#### About this exercise:
Output the listing exactly as written, apart from its pictures.

Raw data section start

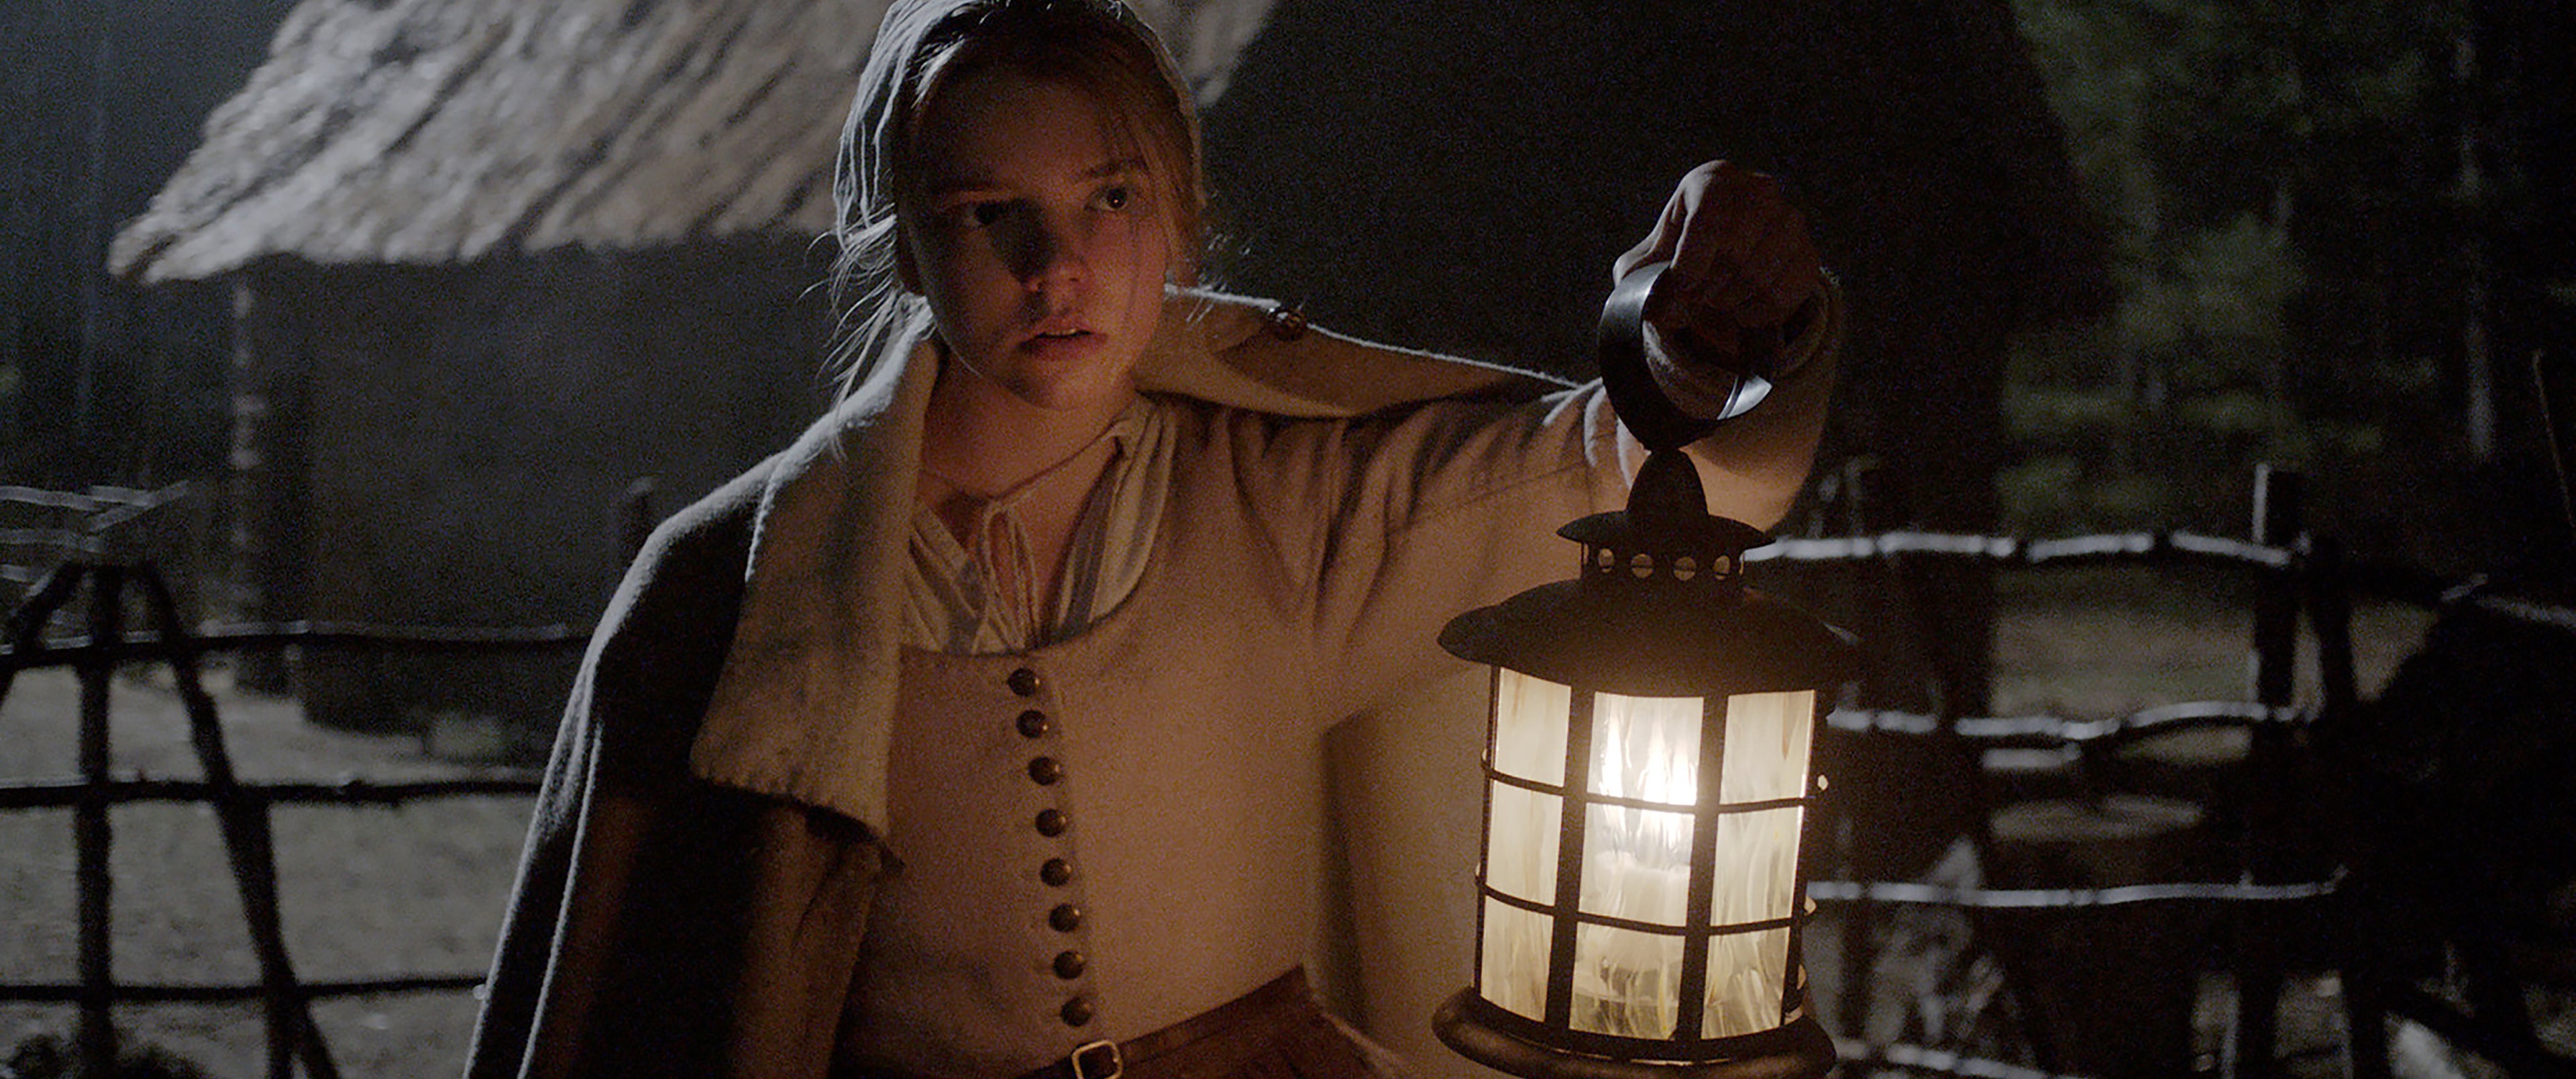 Still image from The Witch. Anya Taylor Joy carries a lantern in the dark.
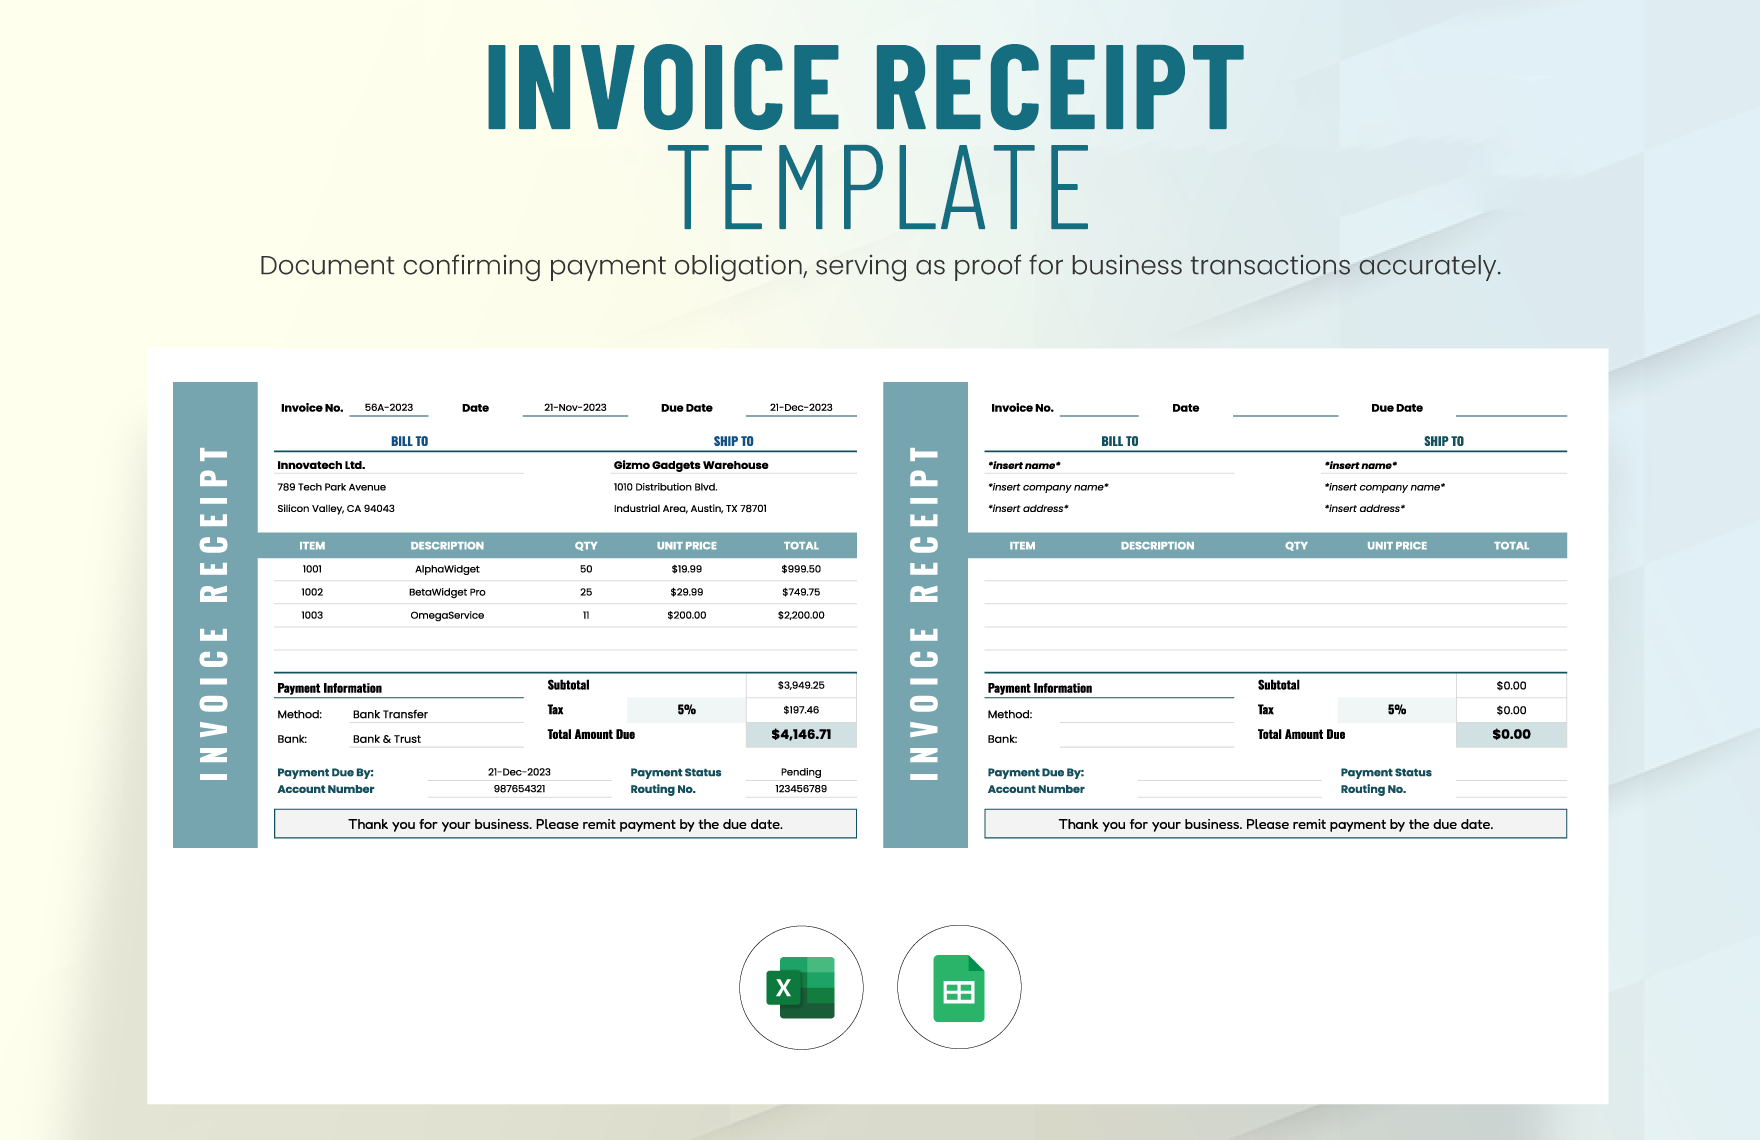 Invoice Receipt Template in Excel, Google Sheets
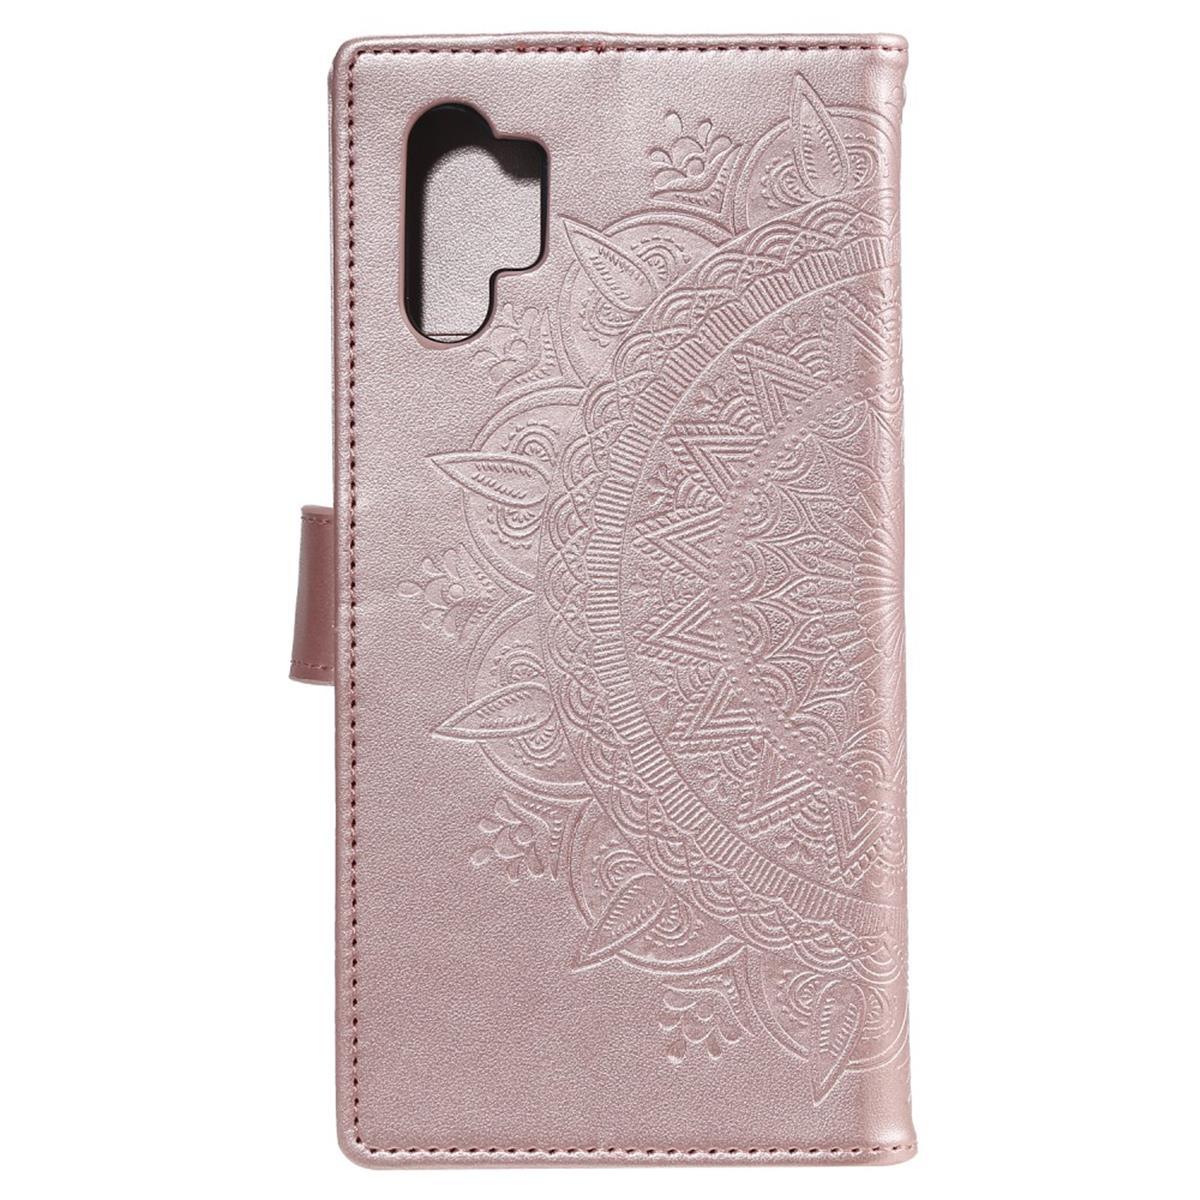 COVERKINGZ Klapphülle mit Mandala Roségold A32 Bookcover, 4G, Muster, Samsung, Galaxy

Raw data section end

#### Task result:
 Still image from The Witch. Anya Taylor Joy carries a lantern in the dark.
 Invoice Receipt Template in Excel, Google Sheets
 COVERKINGZ Klapphülle mit Mandala Roségold A32 Bookcover, 4G, Muster, Samsung, Galaxy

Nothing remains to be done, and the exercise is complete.